• INFORMATION SUPPLIED:
**********

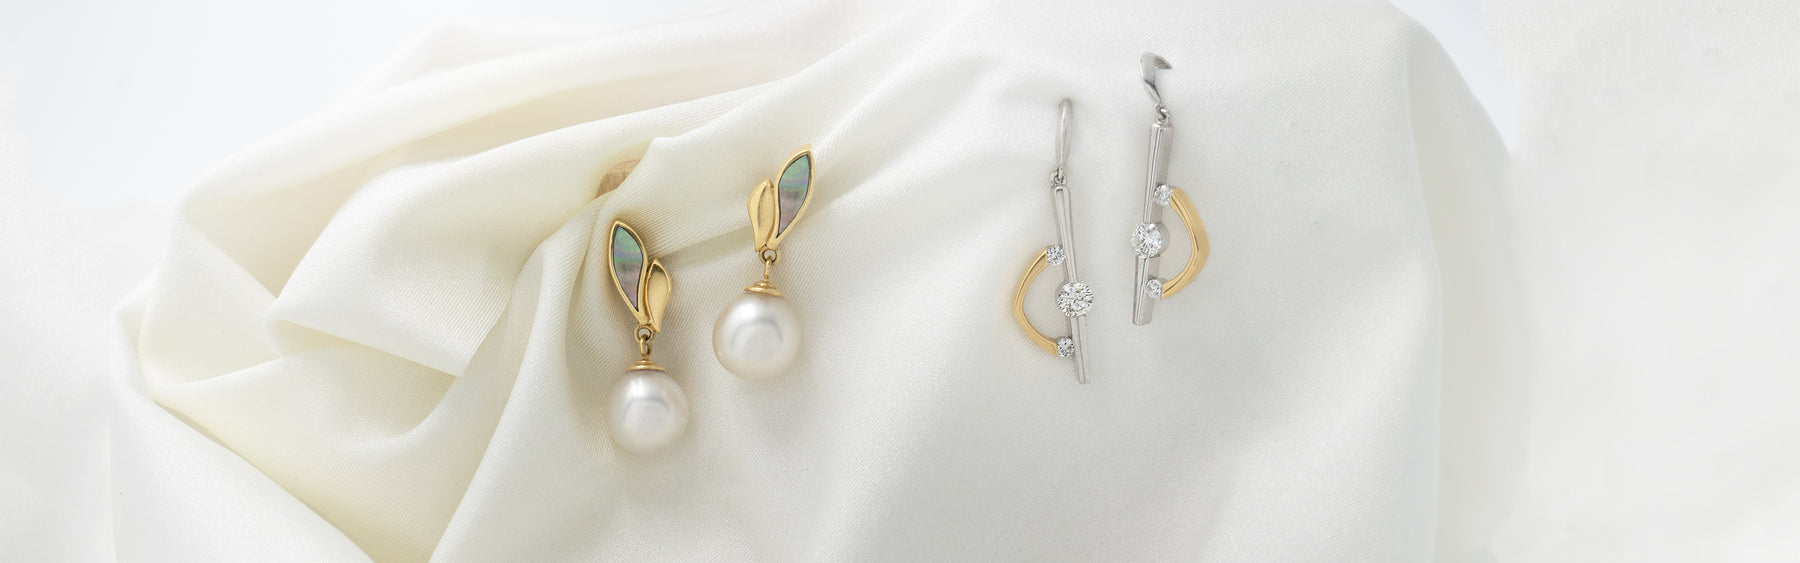 Ready To Ship Custom and Designer Diamond and Pearl Earrings
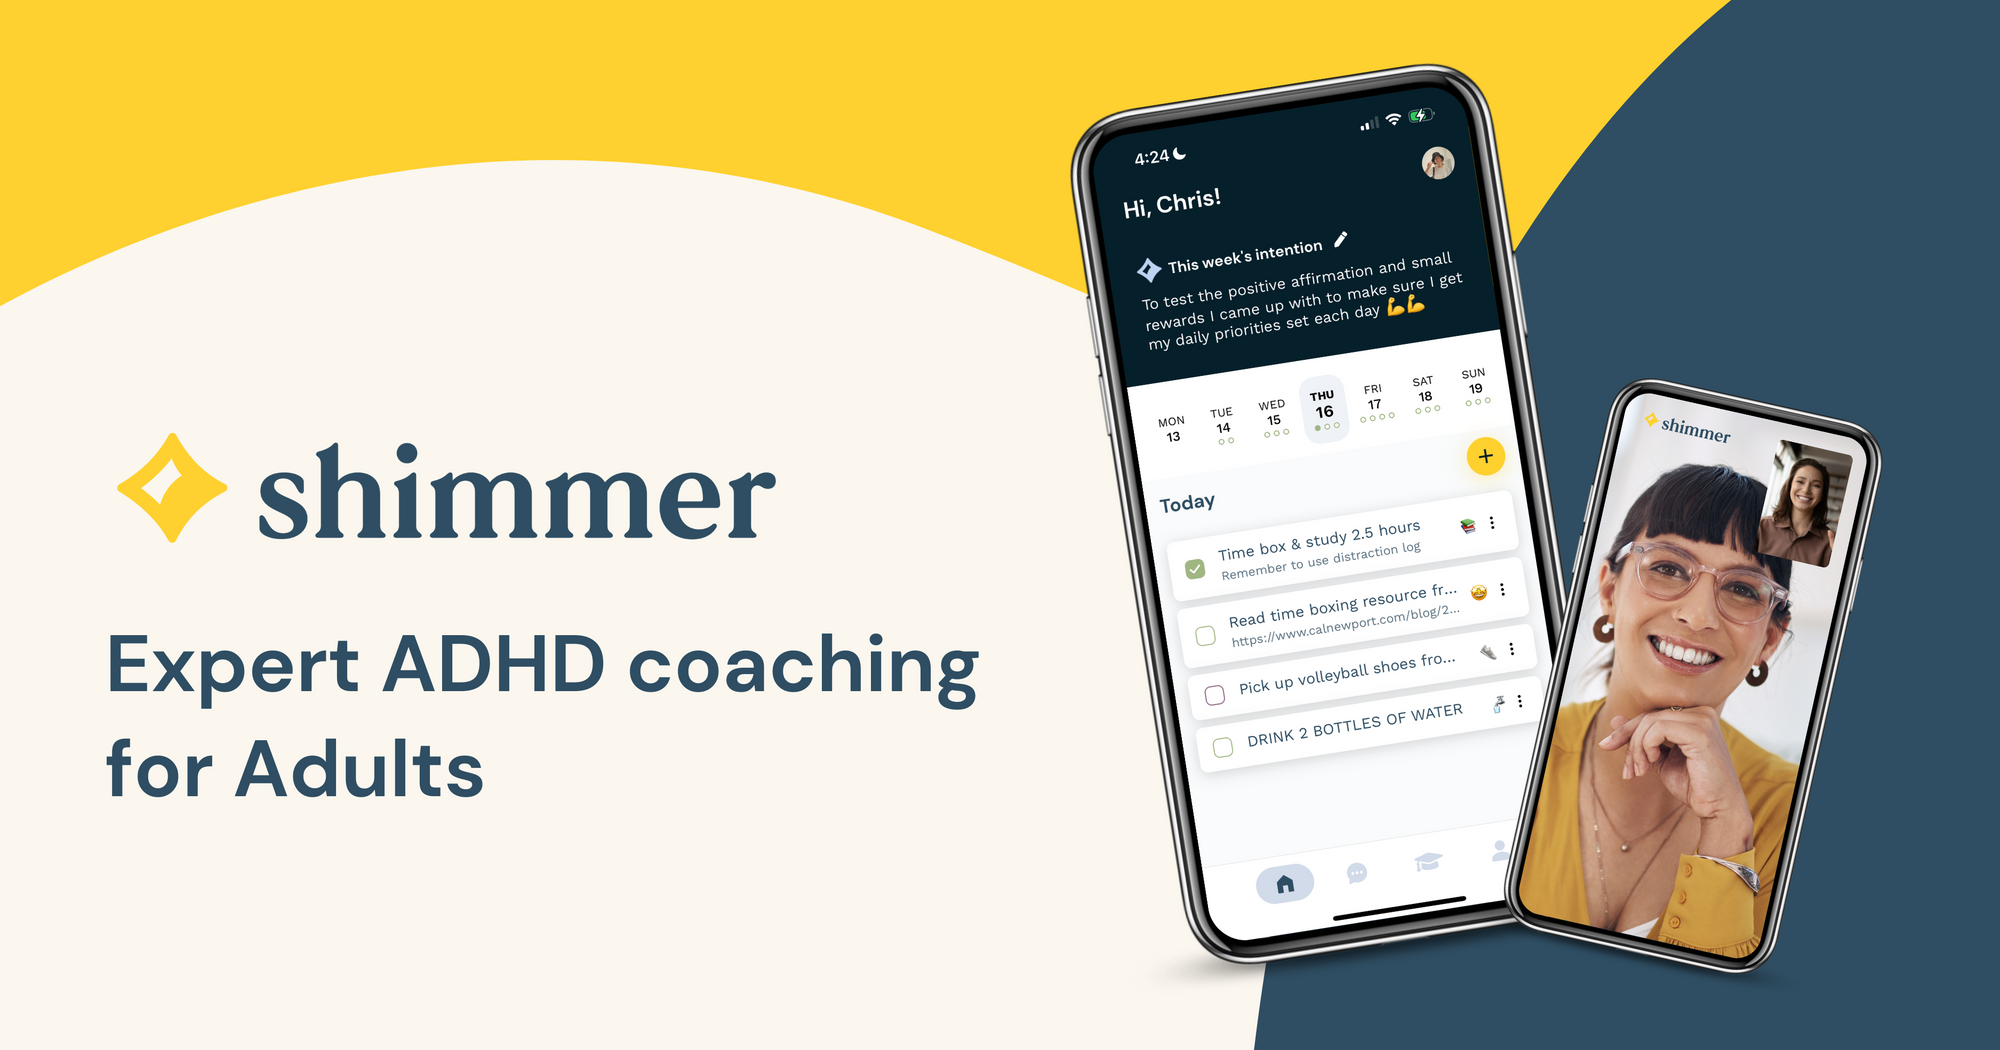 Shimmer - 1:1 ADHD coaching, 5-10X More affordable than alternatives
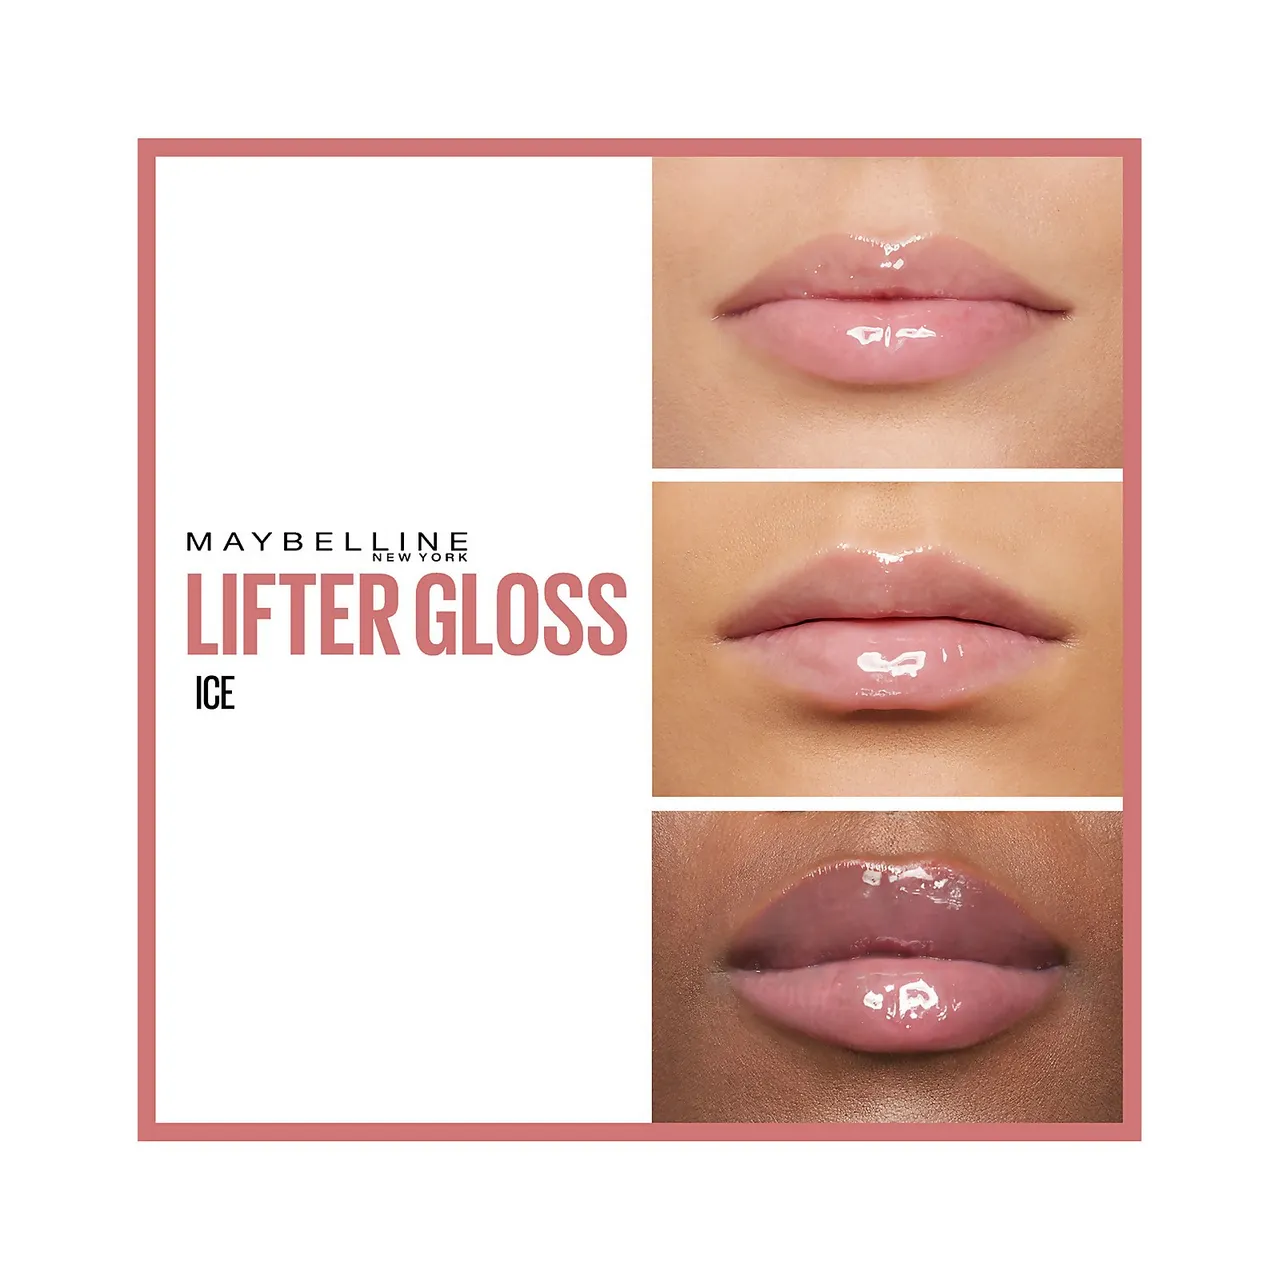 Maybelline Lifter Gloss Hydrating Lip Gloss with Hyaluronic Acid 5g (Various Shades) - 002 Ice
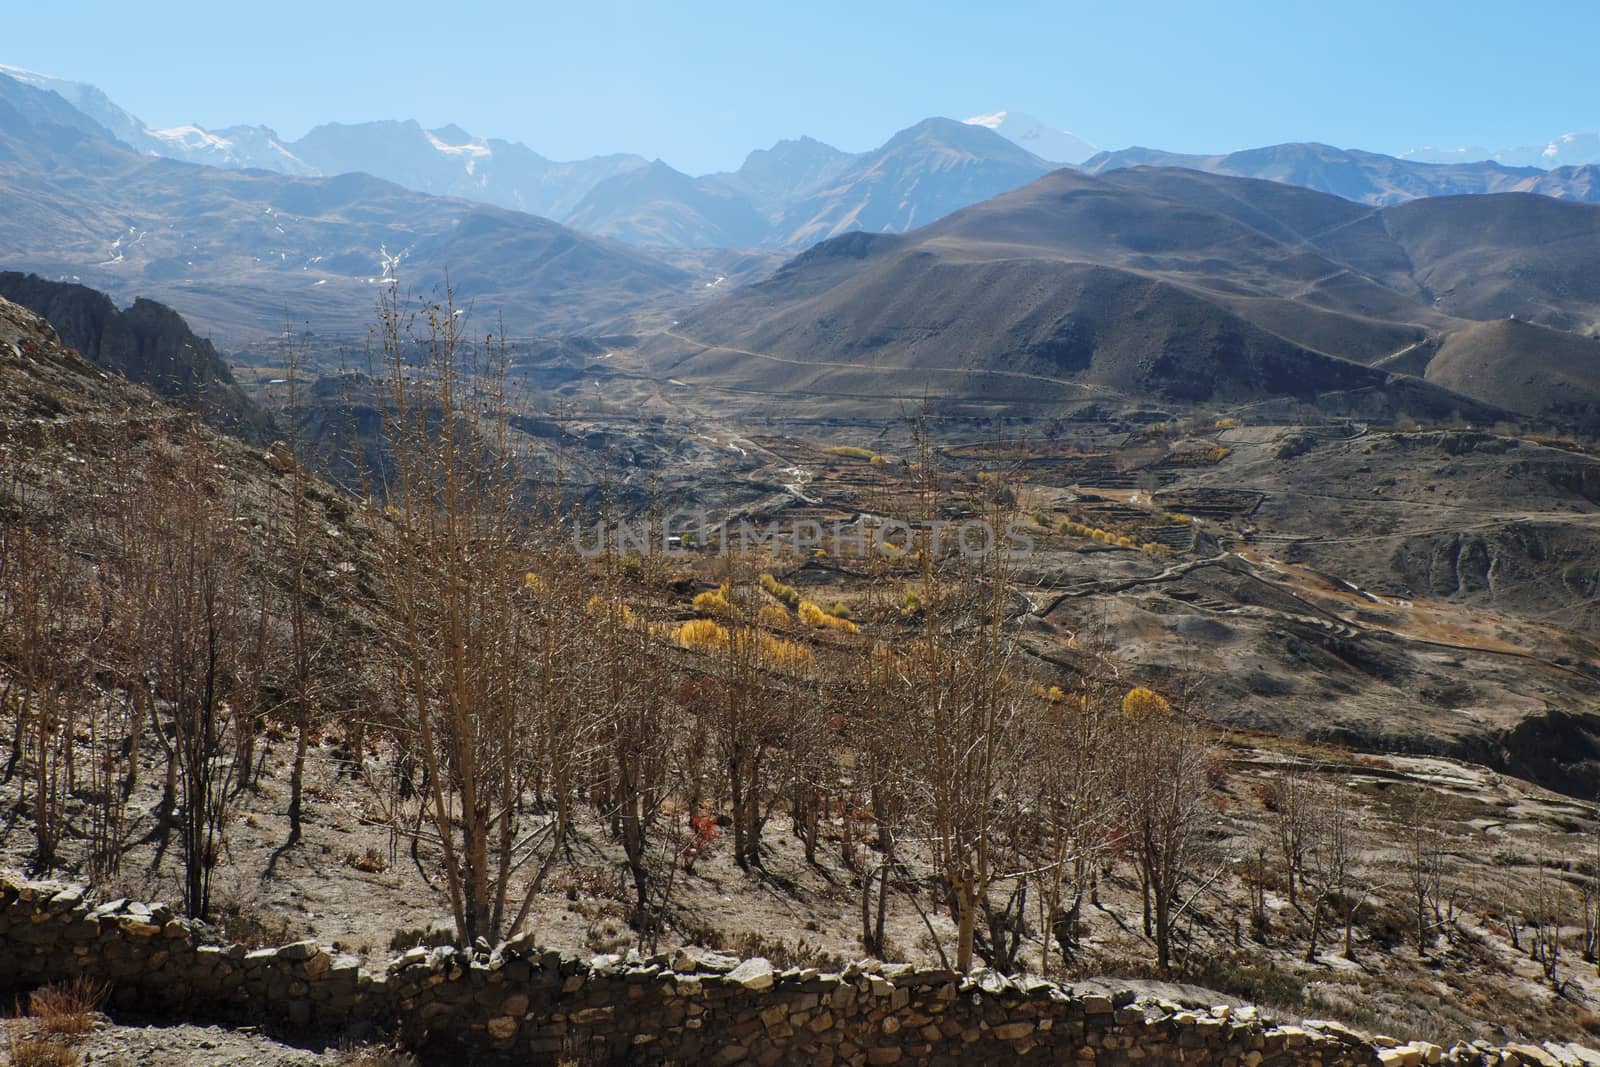 Mountain valley in autumn with yellowed trees at an altitude of 4000 meters near the Muktinath

**********

• EXERCISE DESCRIPTION:
For every line above, produce an exact transcription that omits the images.

• RESPONSE:
 Ready To Ship Custom and Designer Diamond and Pearl Earrings
 Shimmer - 1:1 ADHD coaching, 5-10X More affordable than alternatives
 Maybelline Lifter Gloss Hydrating Lip Gloss with Hyaluronic Acid 5g (Various Shades) - 002 Ice
 Mountain valley in autumn with yellowed trees at an altitude of 4000 meters near the Muktinath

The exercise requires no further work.